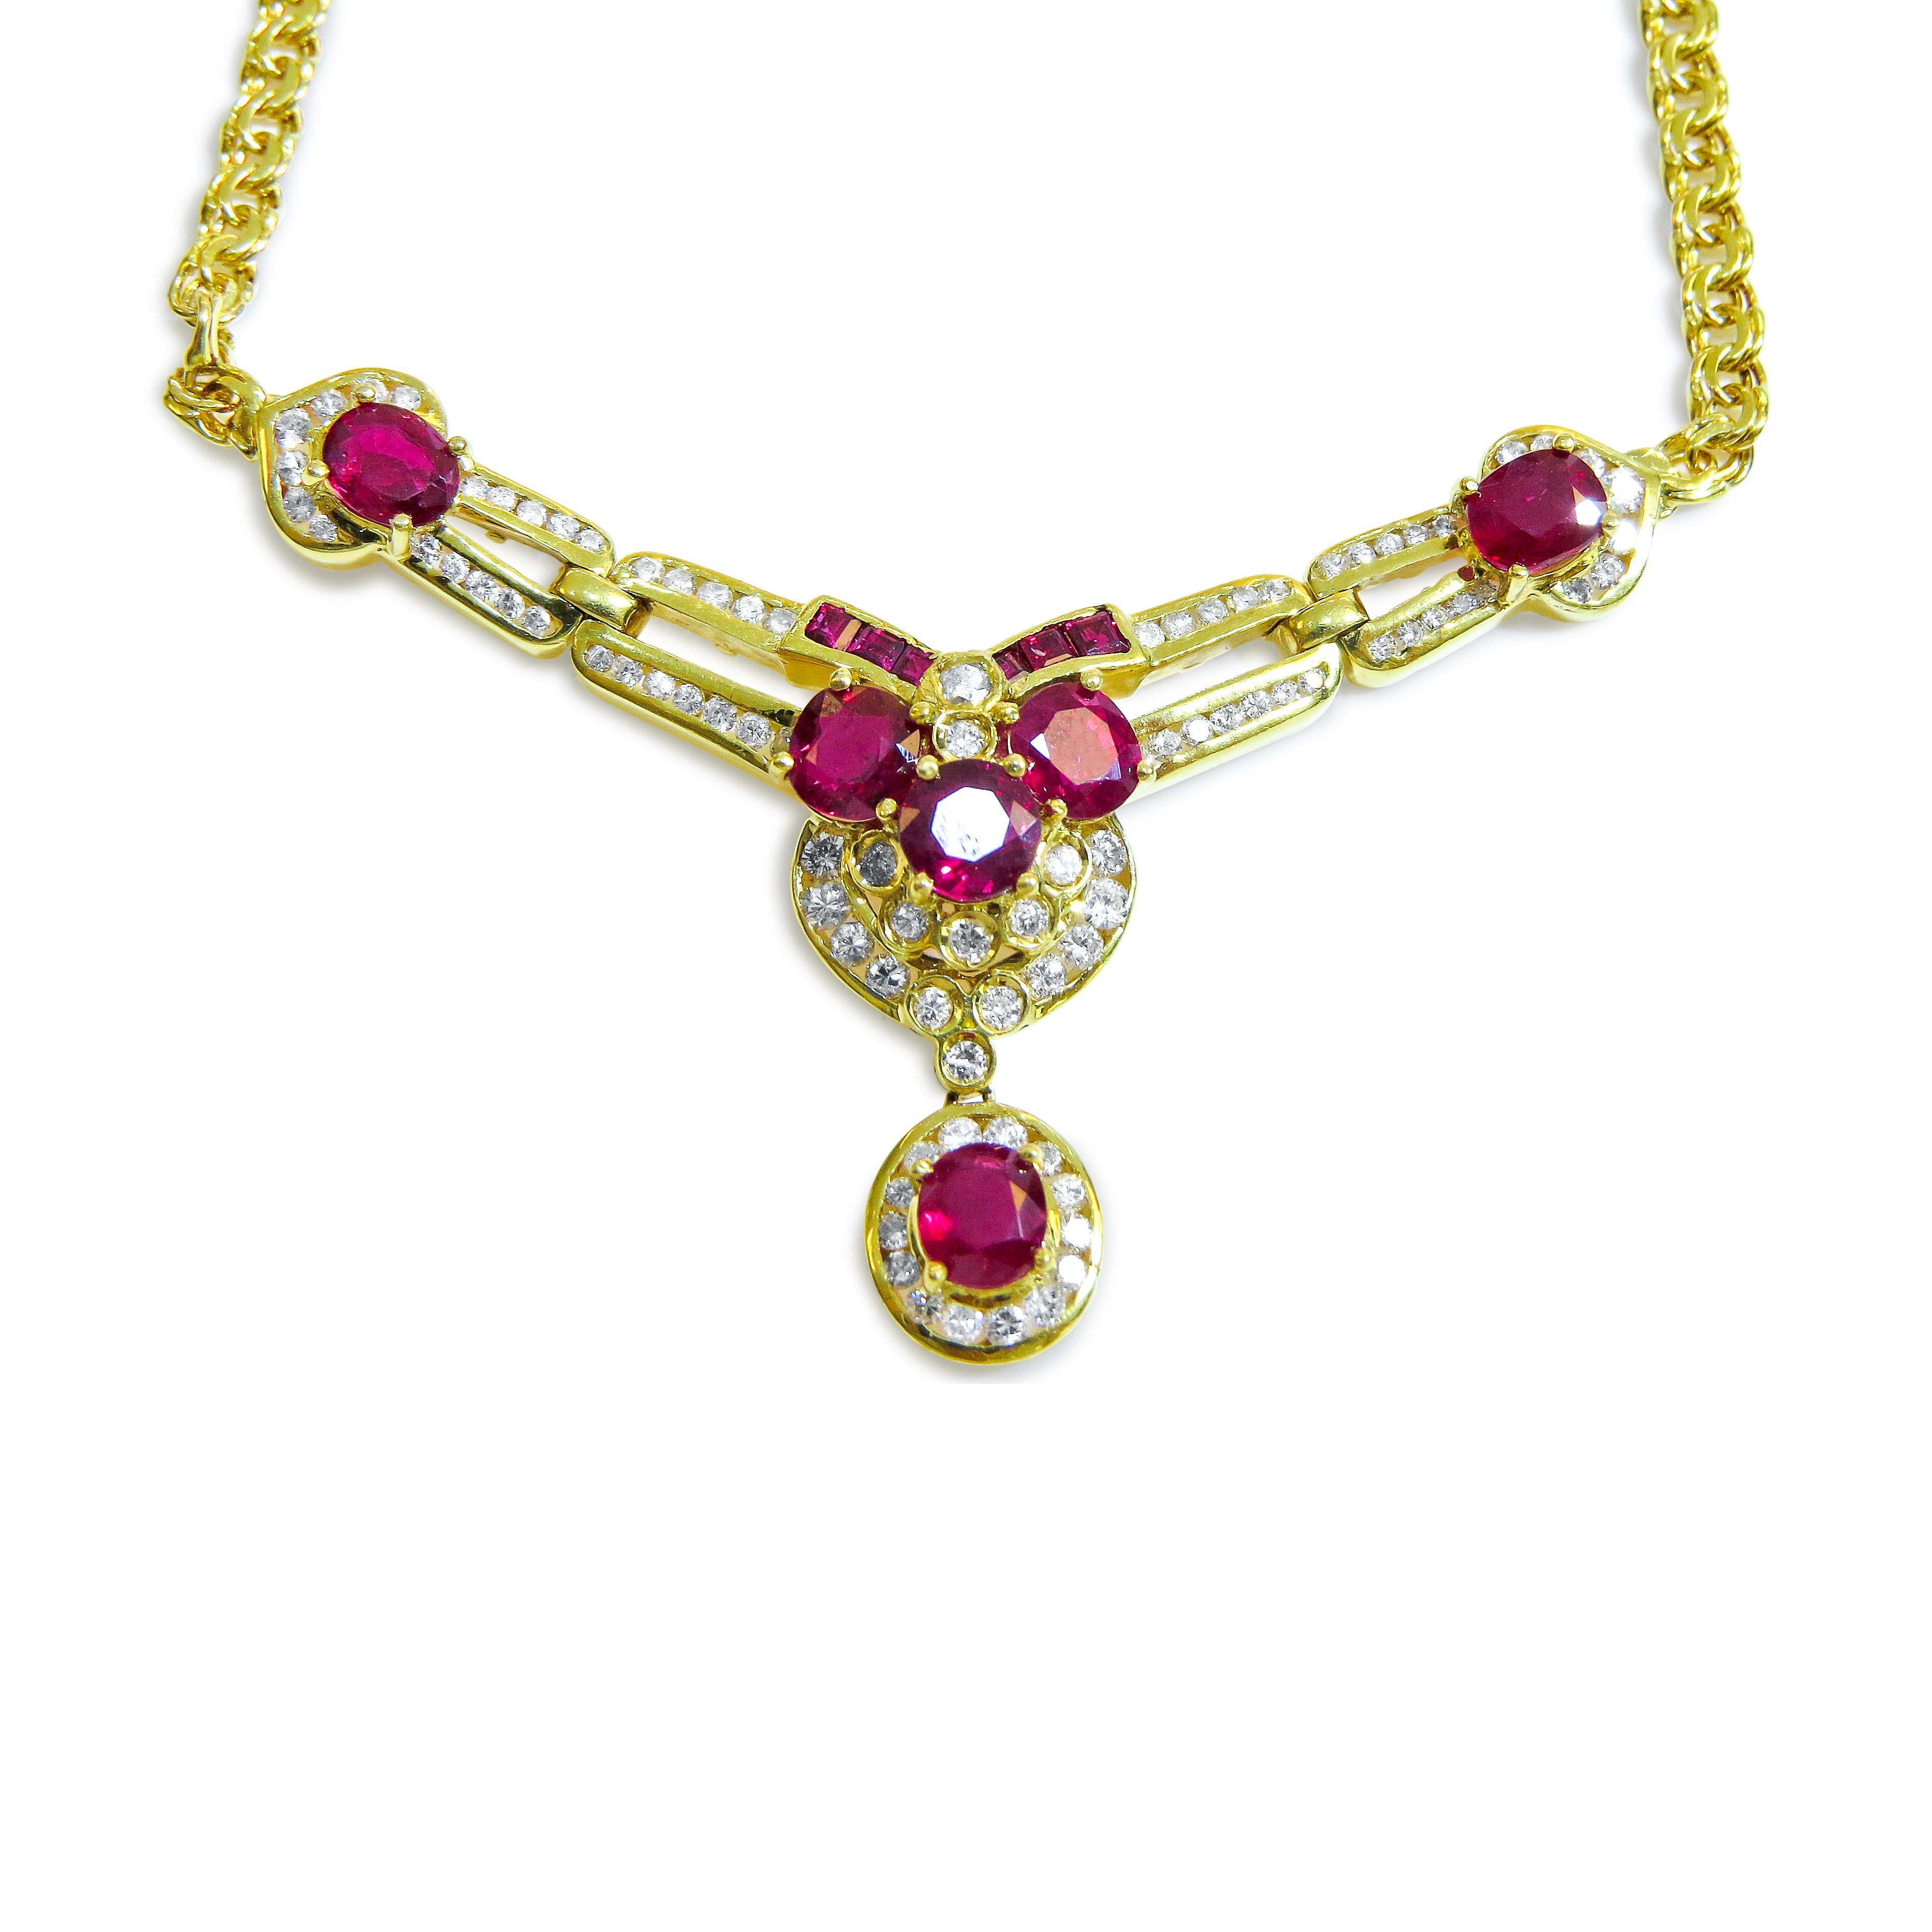 18K Yellow Gold 
Weight= 15.9gr 
Length= 17 Inches 
Diamond= 1.50Ct total 
Ruby= 5 Ct total
Year= 1980
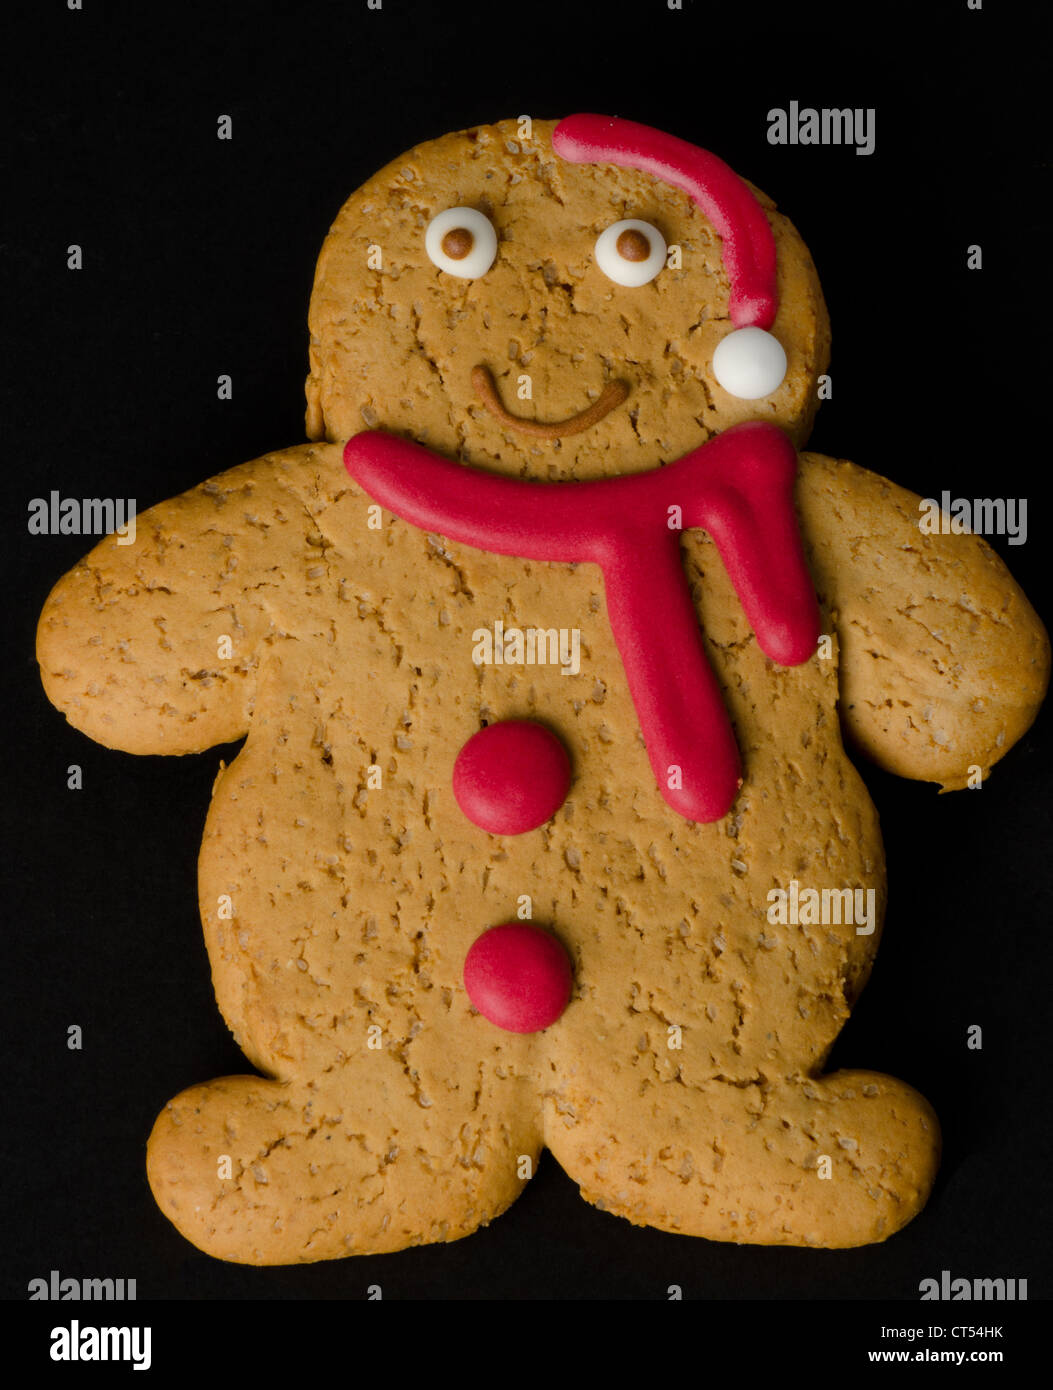 Gingerbread man with a Christmas red hat and scarf Stock Photo
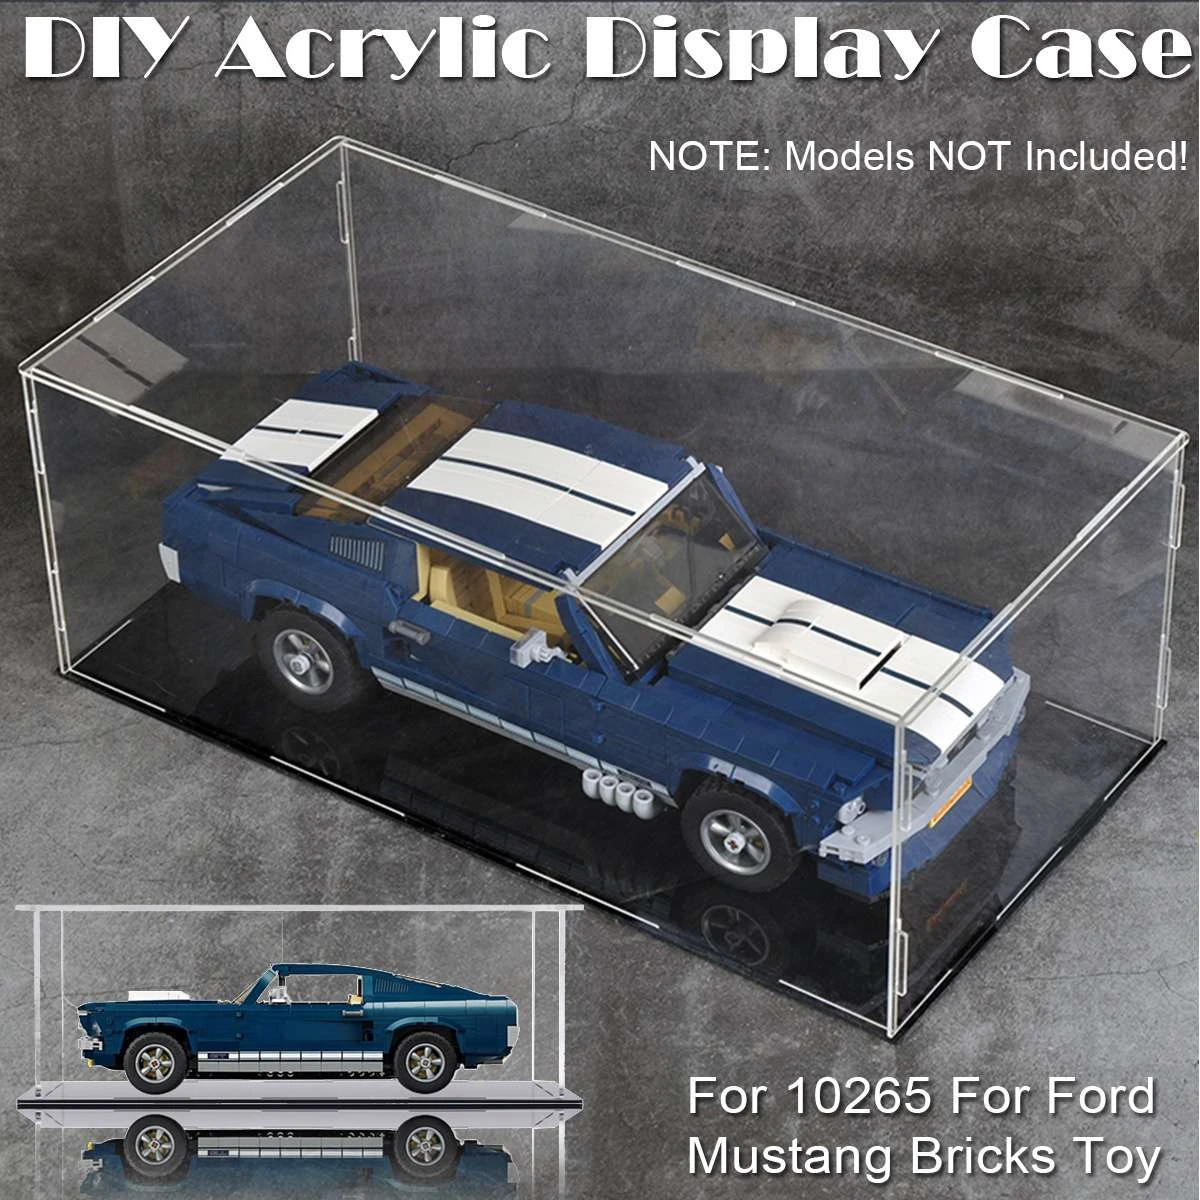 DIY Acrylic Display Case Self Install Clear Cube Display Box Dustproof  ShowCase For LEGO 10265 For Ford Mustang Bricks Toy|Model Accessories| -  AliExpress

[Exercise description] Leave out the pictures, and extract exactly the lines from the one with "Diamond= 1.50Ct total" through the end of the records, both ends included.

[Exercise result]
Diamond= 1.50Ct total 
Ruby= 5 Ct total
Year= 1980
 Gingerbread man with a Christmas red hat and scarf Stock Photo
 DIY Acrylic Display Case Self Install Clear Cube Display Box Dustproof  ShowCase For LEGO 10265 For Ford Mustang Bricks Toy|Model Accessories| -  AliExpress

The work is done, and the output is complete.